Потом он просил у друга извинения за столь энергичные действия и в оправдание говорил: «Я знал, что ты меня просто дразнишь в лечебных целях, но от твоих поношений, клянусь Юпитером, взбесилась бы сама богиня терпения».
Едва для Публия сделались посильными короткие прогулки на вольной природе за городским валом, куда его доставляли в крытых носилках, как ему пришлось расстаться со своим главным лекарем и завершать разгром болезни самостоятельно. Дело в том, что из Гадеса, последнего прибежища карфагенян, прибыли послы, предлагавшие совместными усилиями избавиться от Магона. Они обещали открыть римлянам доступ в город и нейтрализовать сопротивление карфагенского гарнизона. Ввиду особенностей местоположения Гадеса, овладеть им можно было только одновременными действиями сухопутного войска и флота. Поэтому на юг Испании двинулись когорты Луция Марция и эскадра Гая Лелия — лучшего флотоводца из окружения Сципиона.
Экспедиция не имела существенного успеха, так как Магону, благодаря четко функционирующей в городе шпионской сети, в организации которой пунийцы большие искусники, удалось раскрыть заговор и схватить зачинщиков. Римлянам пришлось довольствоваться только небольшой победой в морской стычке, когда им удалось потопить две карфагенские триремы. Узнав, что в городе сторонники римлян потерпели поражение, Лелий не стал вести малоперспективную осаду Гадеса и направился обратно в Новый Карфаген, твердо рассчитывая на восстание гадетанцев в скором будущем.

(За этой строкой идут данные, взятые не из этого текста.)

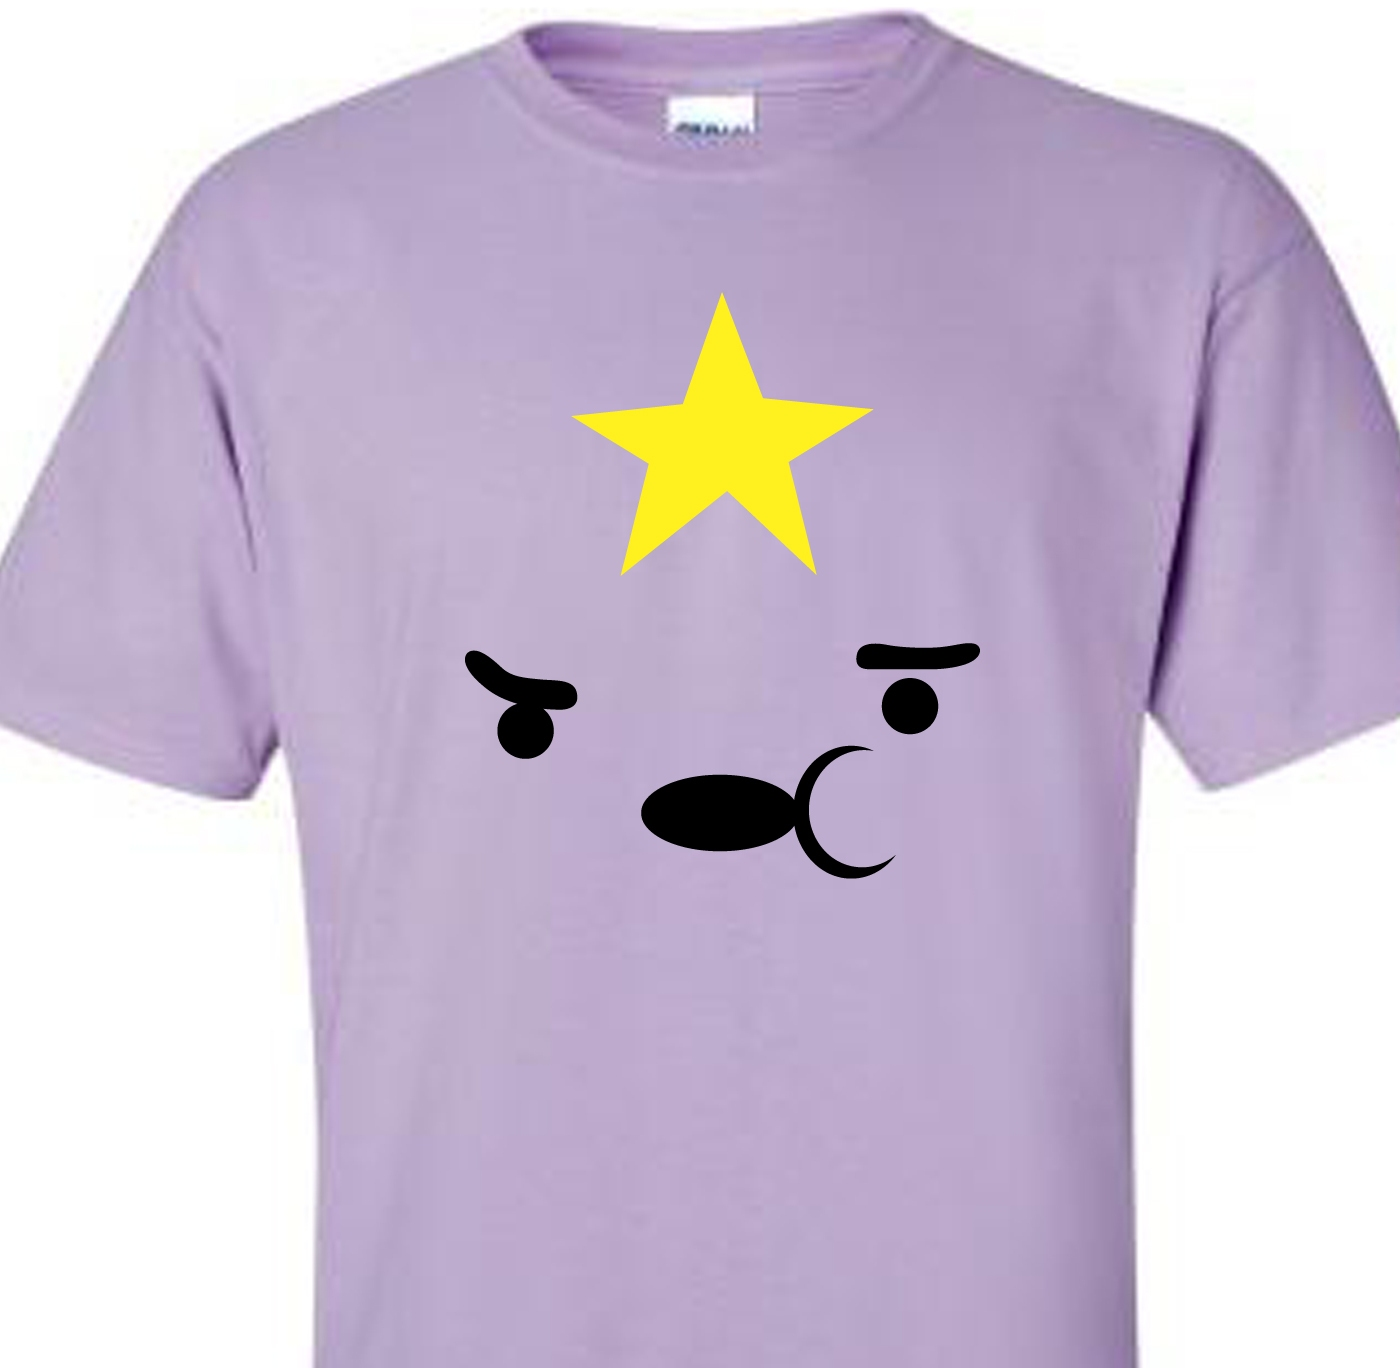 Lumpy Princess T Shirt Adventure Time Jake For Men/Women

Оставшись без общества друга, Сципион недолго скучал. В Новый Карфаген явились трибуны, изгнанные мятежным войском, и озадачили Публия дурною вестью. Вначале, узнав о случившемся, он разгневался, обвинил офицеров в неумении обращаться с солдатами и даже отказался их выслушать. Несколько часов эмоции торжествовали победу. Он еще не совсем выздоровел и, как все больные, пребывал во власти капризов. Постепенно гнев его смешался с обидой, образовав в душе какую-то вязкую черную массу. Он всего мог ожидать от пунийцев, не особенно удивлялся неблагодарности испанцев, но не думал, не гадал, что его собственные солдаты будут желать ему смерти. «Да если бы я знал об этом раньше, то никакой отраве или болезни не удалось бы свалить меня с ног! — восклицал он, нервно шагая по комнате. — Или… может быть, наоборот, сам перерезал бы себе горло, когда бы мне сказали, что даже солдатам я не мил…»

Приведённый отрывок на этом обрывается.